→ **Exercise**:
Although the records contain pictures, none belong in the copy: restate word for word only the lines from the one with "Carlucci Di Chivasso" through the one with "Tamiya - Raybrig", both included.

→ **Data for review**:
++++++++++
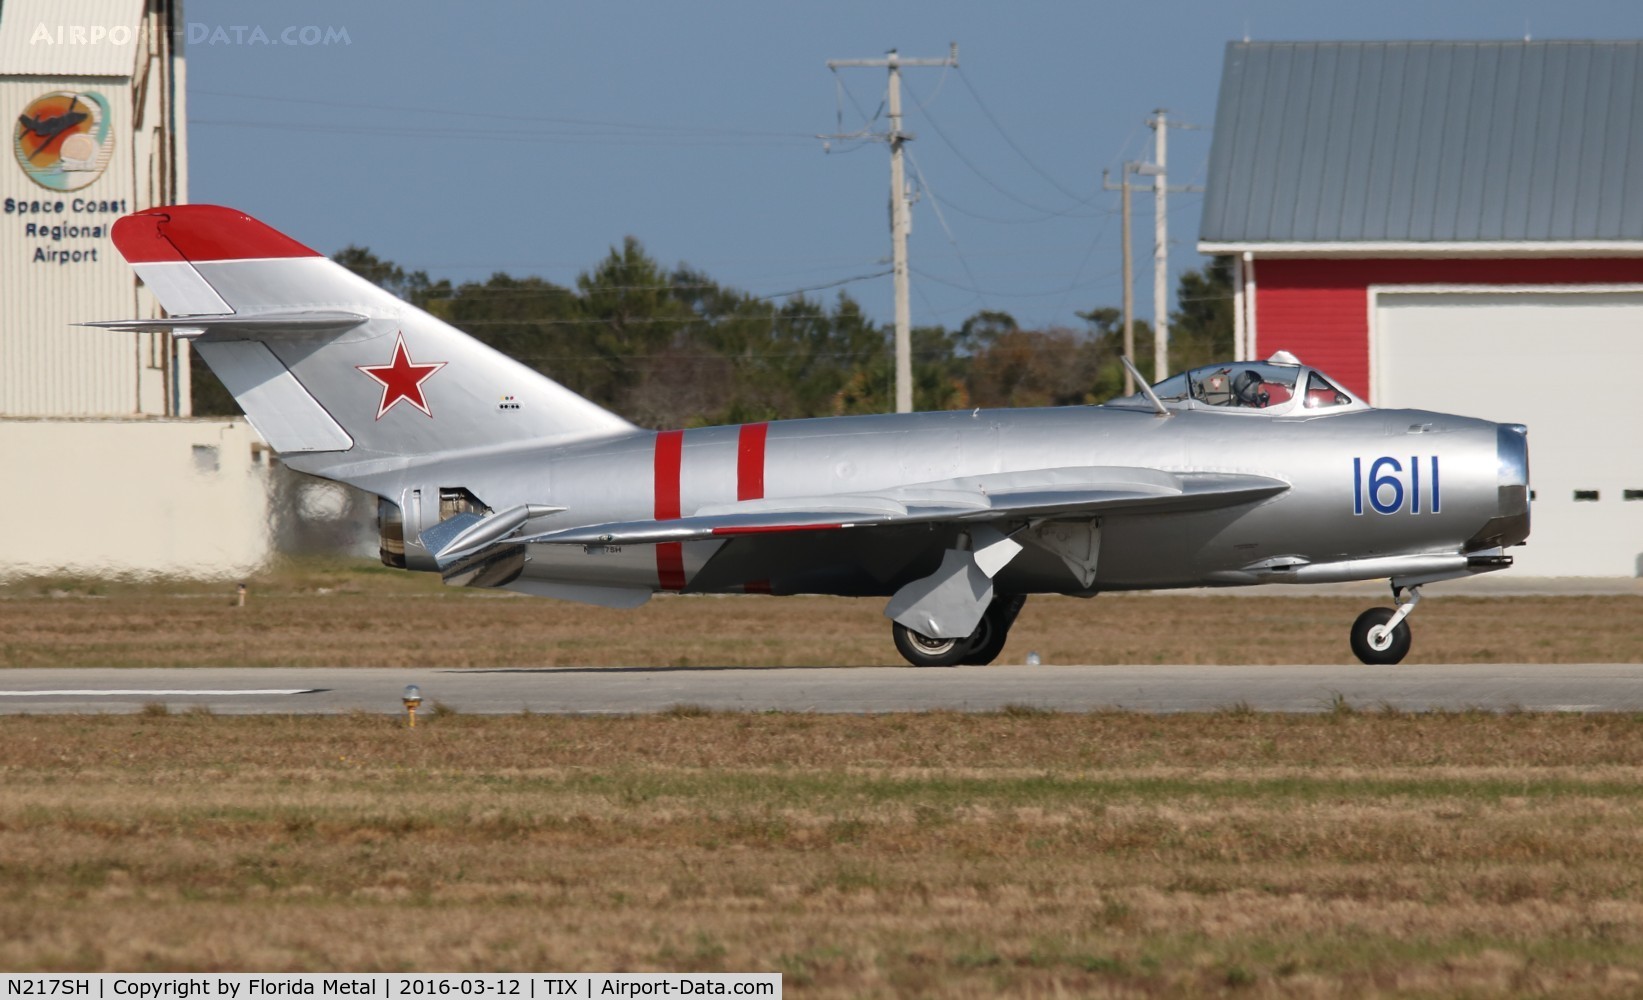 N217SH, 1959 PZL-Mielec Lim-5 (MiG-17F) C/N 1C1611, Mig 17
++++++++++
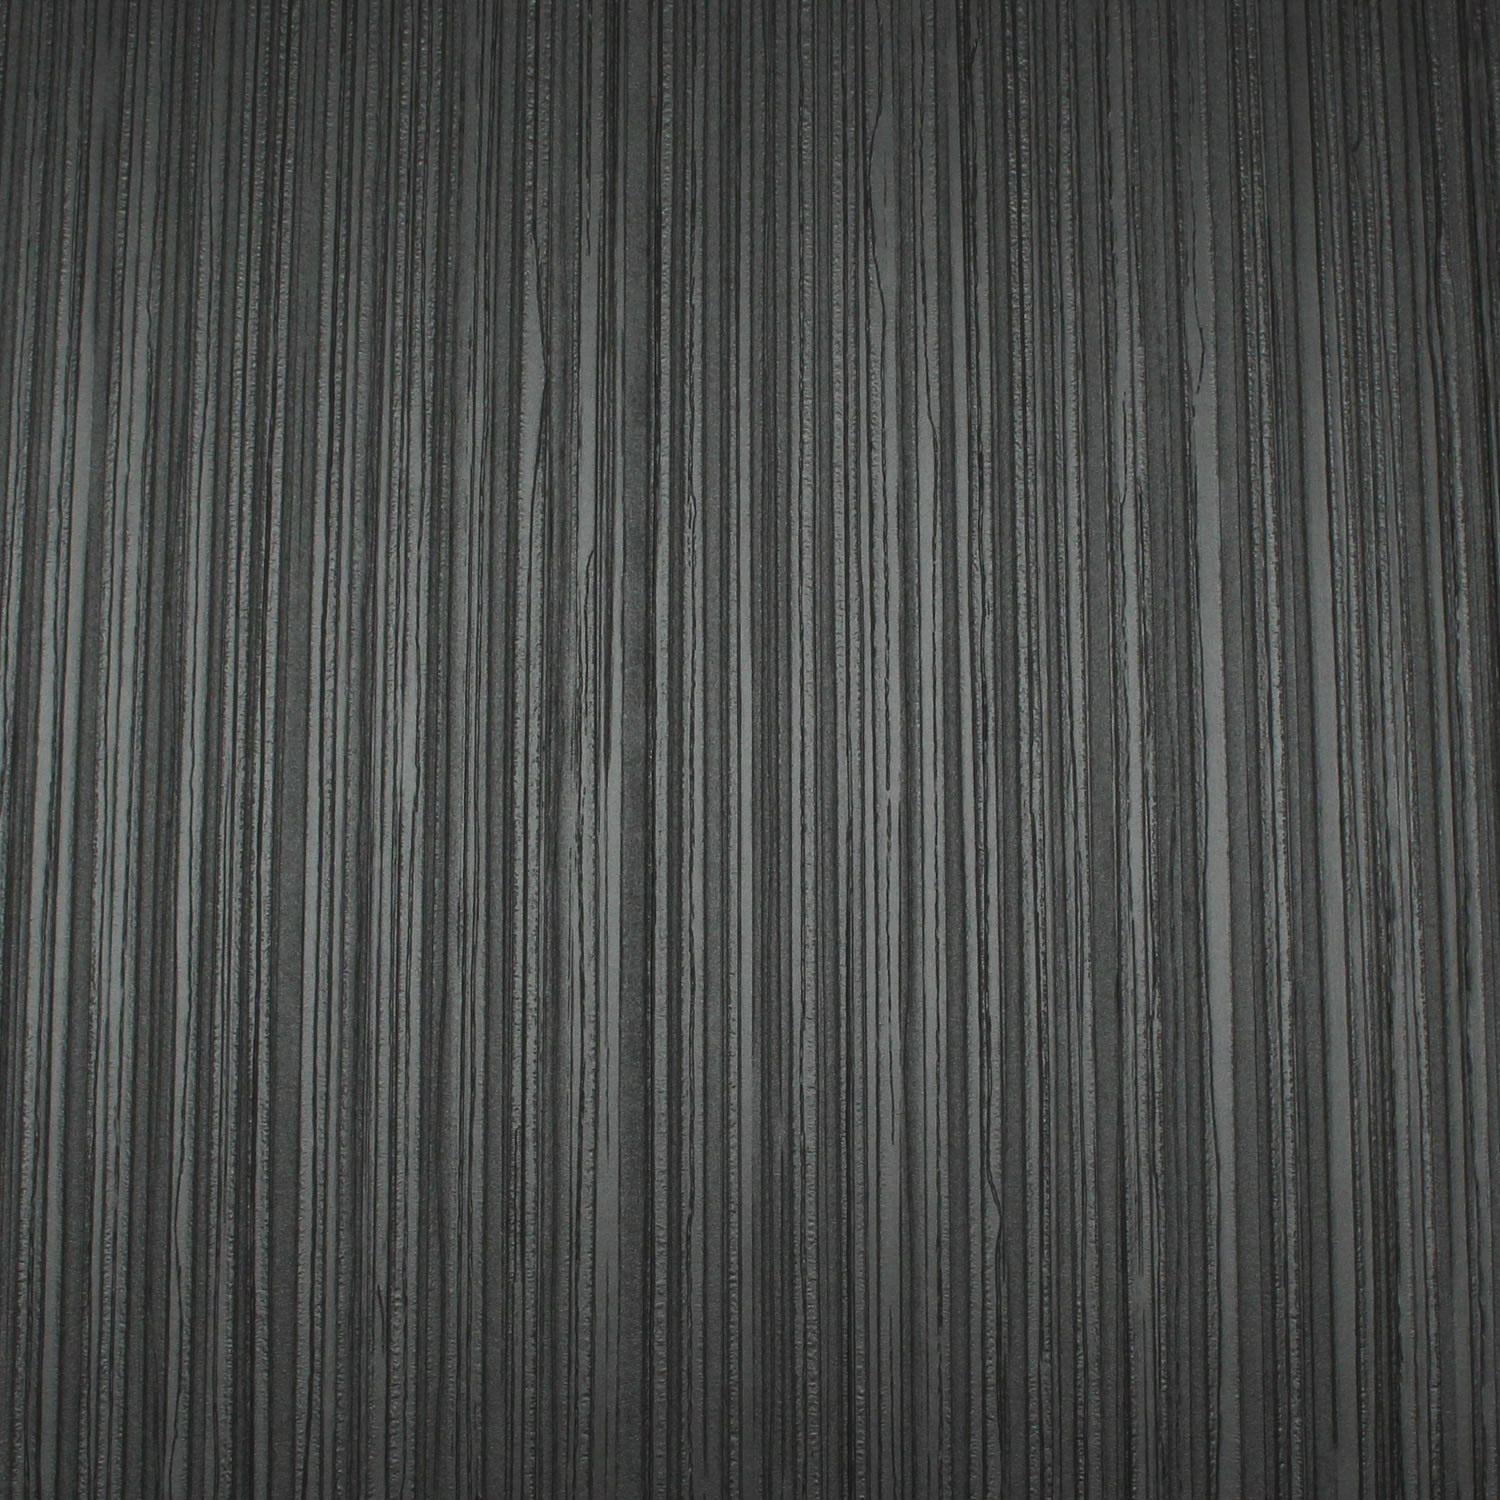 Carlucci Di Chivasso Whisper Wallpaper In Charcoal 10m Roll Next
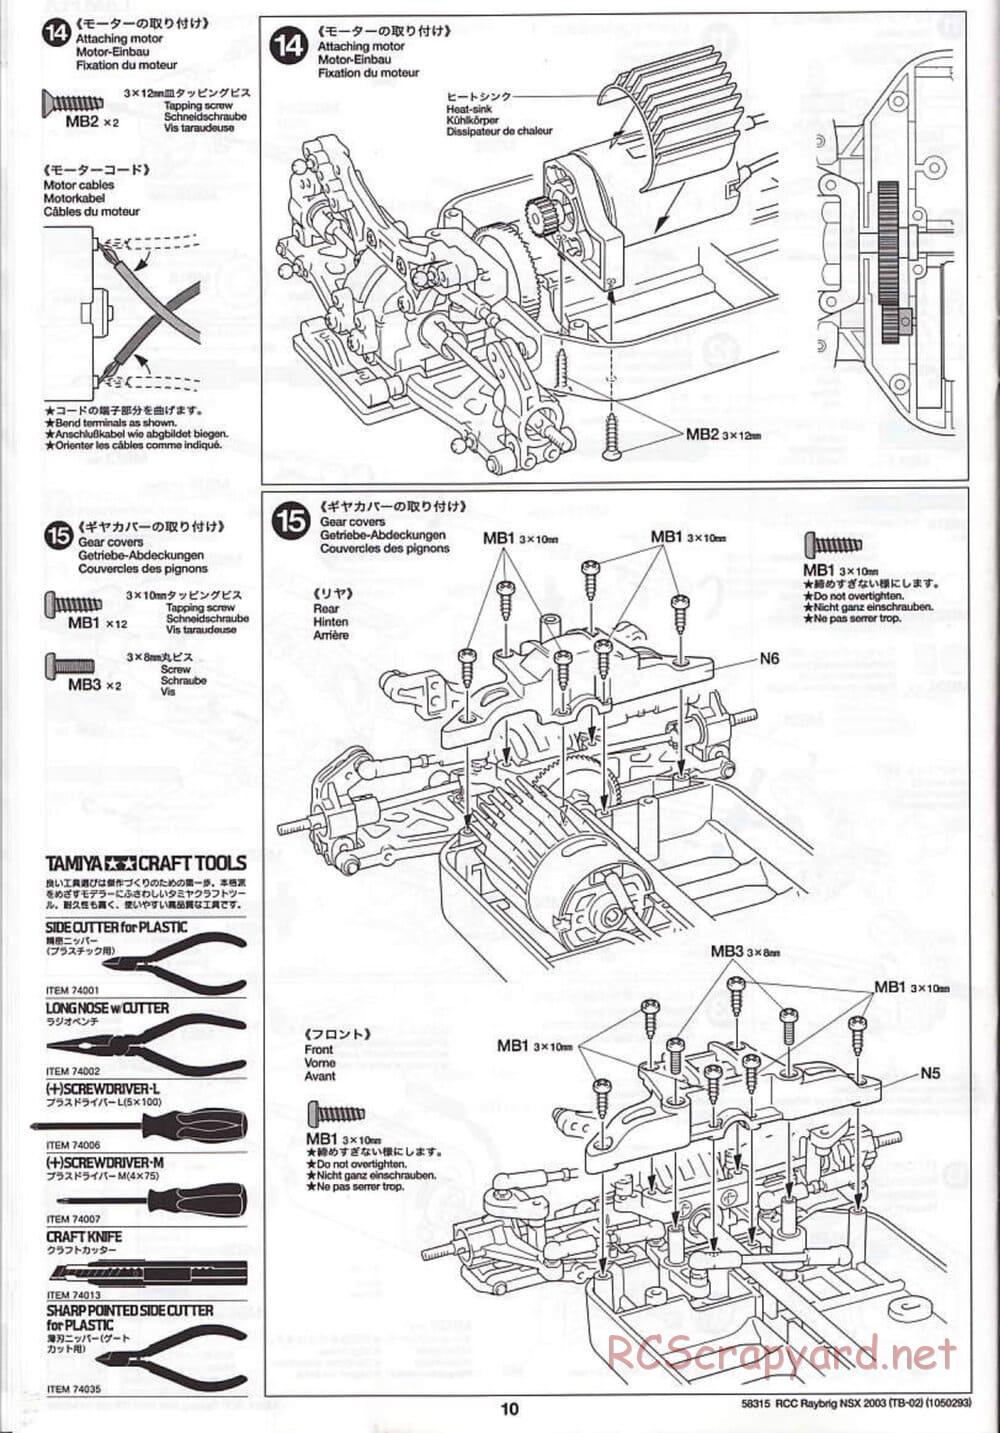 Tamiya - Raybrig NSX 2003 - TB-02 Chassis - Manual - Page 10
++++++++++
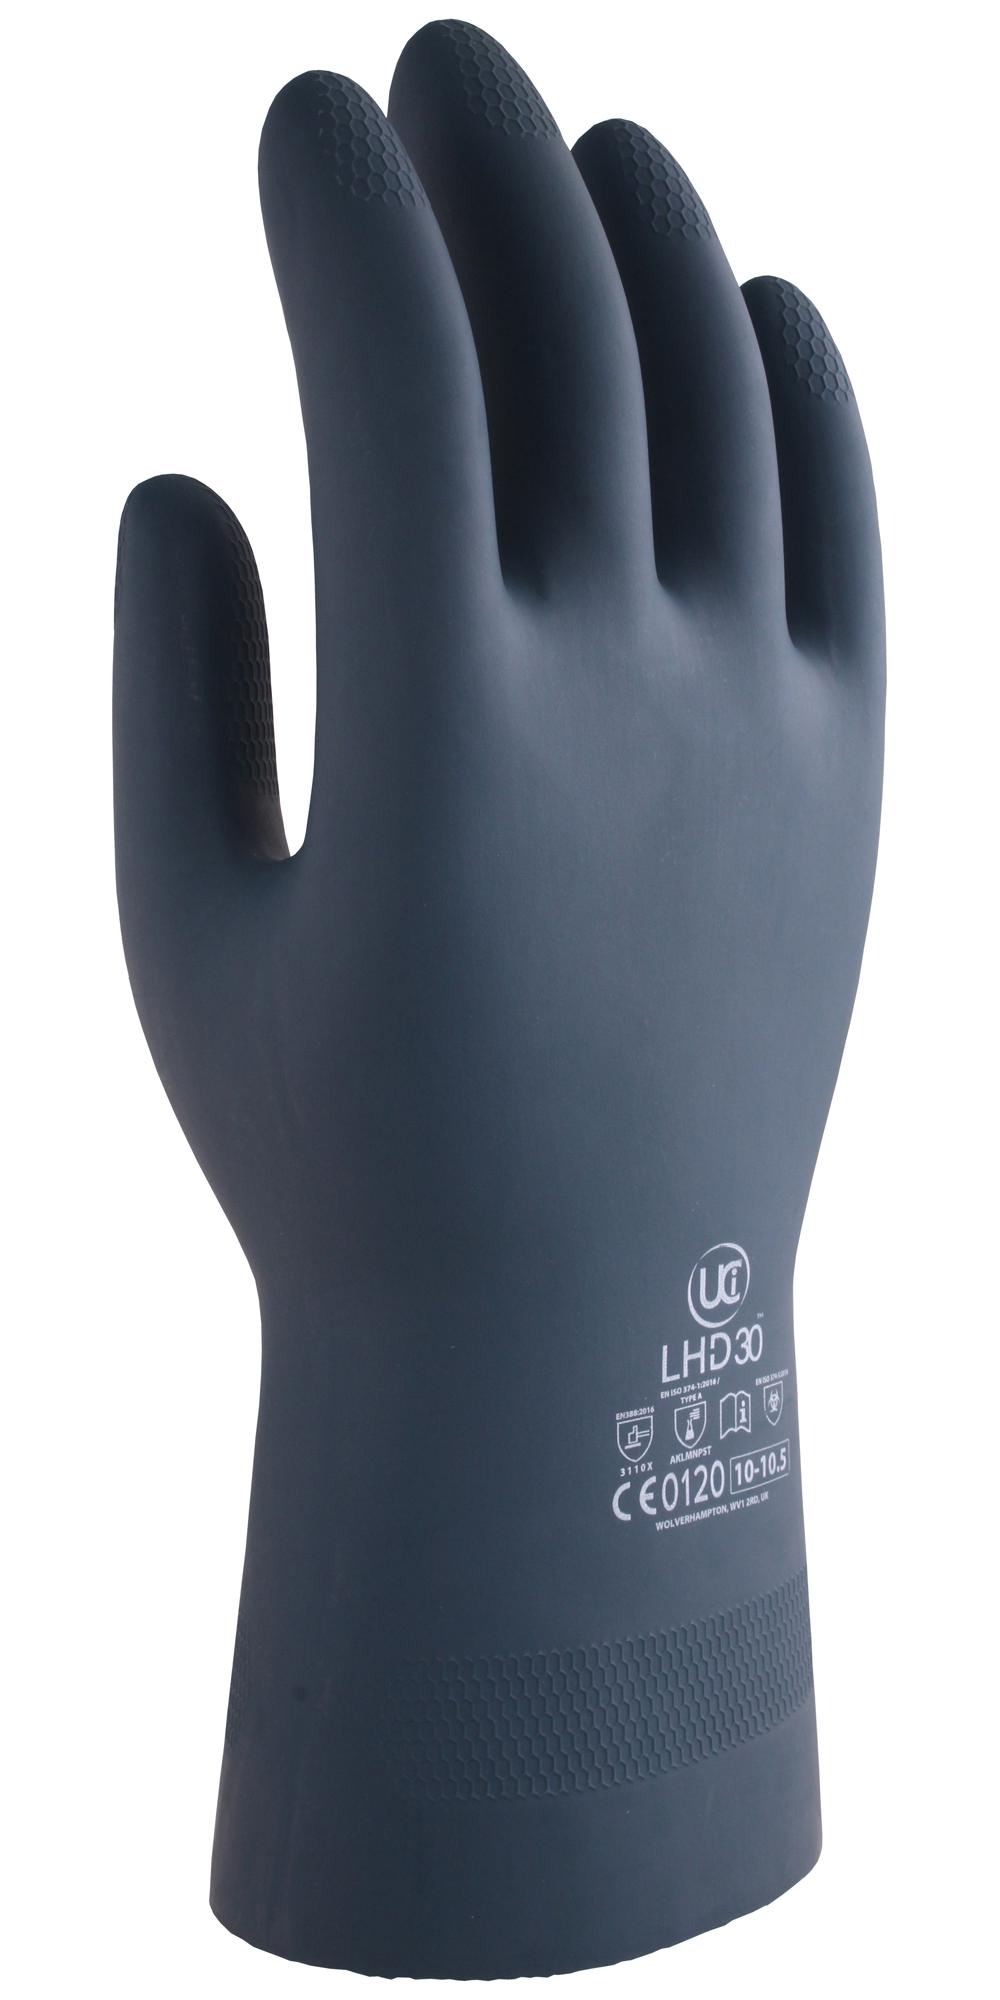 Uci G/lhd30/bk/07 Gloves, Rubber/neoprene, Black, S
++++++++++
→ **Completed task**:
 Carlucci Di Chivasso Whisper Wallpaper In Charcoal 10m Roll Next
 Tamiya - Raybrig NSX 2003 - TB-02 Chassis - Manual - Page 10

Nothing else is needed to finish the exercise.